J’te jure l’hallu… me réveille en pleine nuit : devant moi les poumons de Daniel Darc. Je sursaute dans mon premier sommeil, j’ouvre les yeux et, face à l’incompréhension, c’est la première chose qui me vient.
Drôle d’idée aussi de mourir ! Plus de vingt ans que le gars est dans mon paysage, depuis que j’achète Seppuku de Taxi Girl en 1989, alors forcément, quand la nouvelle tombe de la tombe nouvelle, c’est le choc. Pas que ce soit super étonnant mais choc quand même.
Une espèce d’illumination en pleine nuit. Je me ressaisis vite, en fait c’est l’armoire de ma fille cadette qu’a atterri dans notre chambre parce qu’on refait la sienne. Elle a collé des étoiles phosphorescentes sur les deux portes autour du miroir et comme elle est encore petite, plus tu montes, moins il y a d’étoiles collées. à‡a fait comme deux larmes qui se font face… comme des poumons aussi. Dans le pétrin de mon premier sommeil disturbé : les poumons de Daniel Darc, ou ses larmes… Ce qui est sûr, c’est que l’annonce de sa mort a eu assez d’impact sur mon inconscient pour que j’en arrive là .
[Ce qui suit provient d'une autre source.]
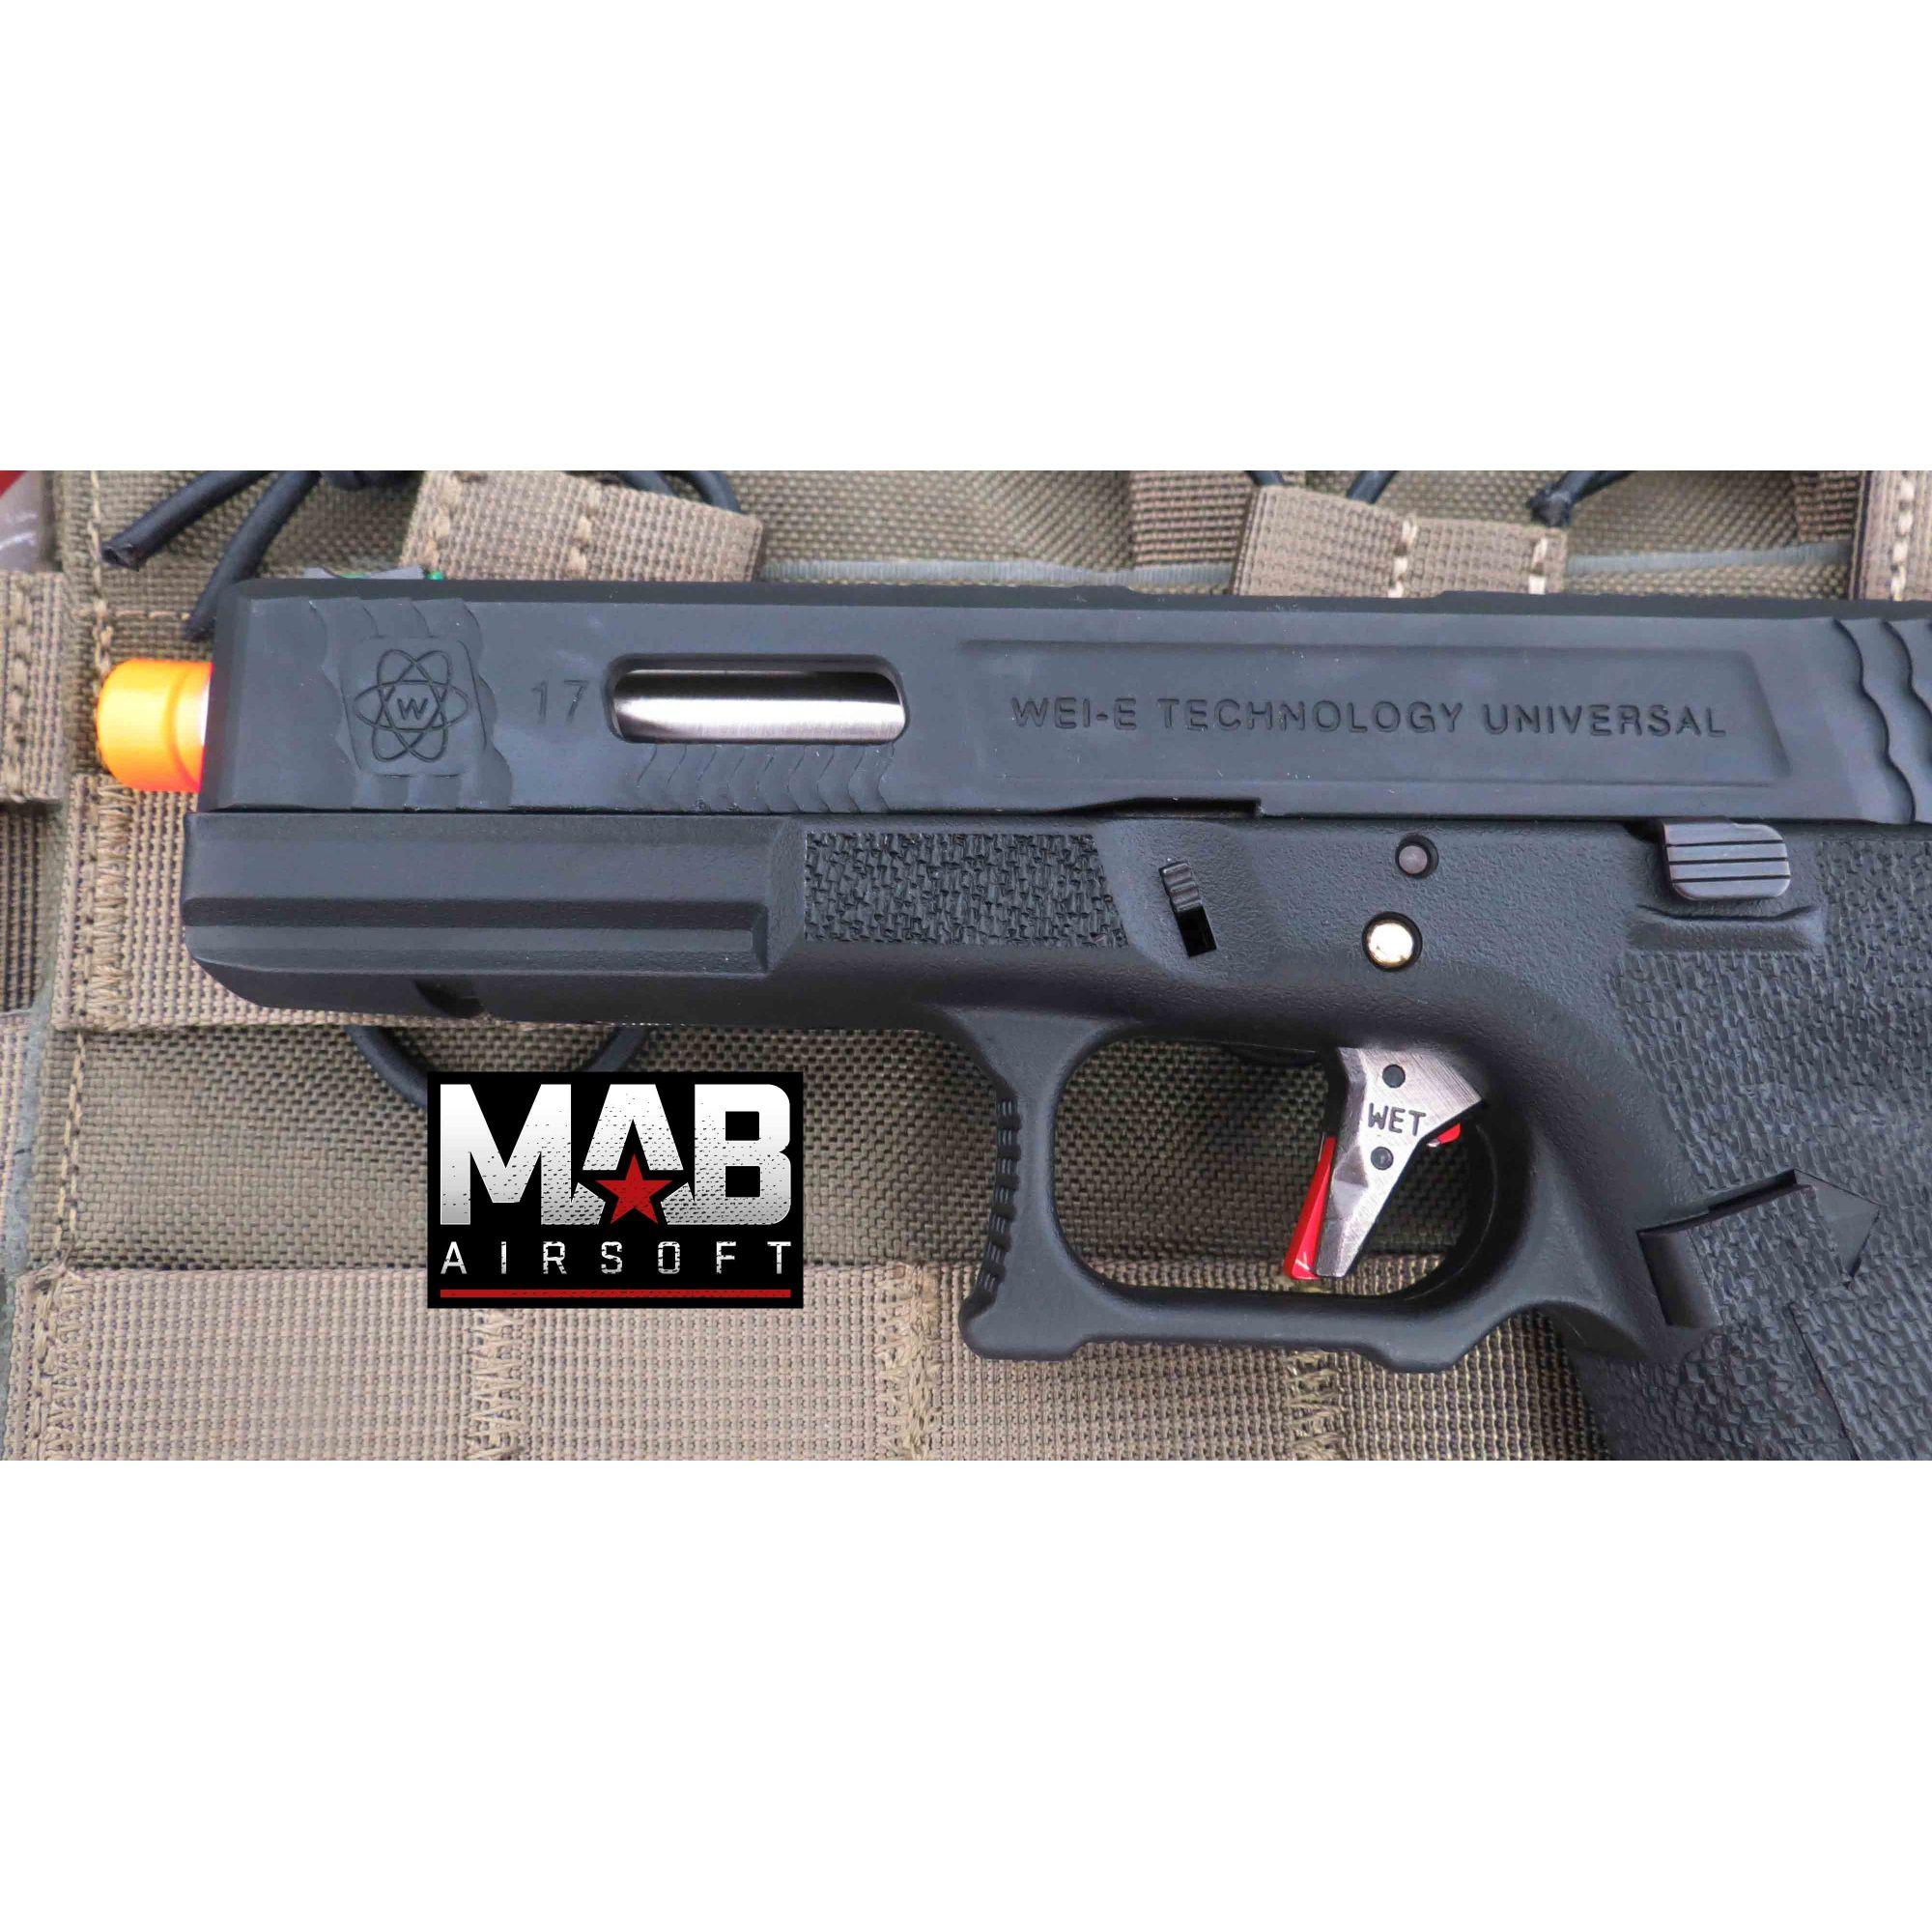 Pistola Airsoft WE Glock G17 T5 GBB Metal e Polimero Preta - Calibre 6 mm  - MAB AIRSOFT

Seppuku : la classe. 1981. Presque prémonitoire comme titre. Alcool, médocs… accident, suicide volontaire ou non… conscient ou pas… accicide ou suicident. » Si je meurs, ce sera d’une balle dans la tête, l’overdose, c’est trop vulgaire » disait Daniel. Magnifique album.
En 1989, j’ai ce crash de mobylette en rentrant du lycée. Tape une voiture de plein fouet, sacré vol-plané, manque d’y passer, multiples fractures, une nuit au bloc et trois semaines d’hosto. J’aime bien raconter ma vie. Je fantasme sur une infirmière qu’a un super décolleté et des dessous violets qui débordent de sa blanche blouse. Seize ans, les deux bras dans le plâtre… compliqué le fantasme. Bref. Mon ami Serge me ramène les Inrockuptibles, numéro 15, avec Bernard Albrecht en couv’. Ohhh… tu peux vérifier, je l’ai encore l’exemplaire, je viens de passer une heure dans le capharnaüm de la décharge publique qui me sert de garage pour le retrouver. De la spéléo. Février 89. À l’intérieur New Order donc, mais aussi Noir Désir, My Bloody Valentine, The Doors, Jacques Tardi et… Taxi Girl. Rien que ça. Je potasse le canard en long et en large pendant tout mon séjour forcé histoire d’oublier un peu les seins voraces de purple-soutif… nursple-soutif !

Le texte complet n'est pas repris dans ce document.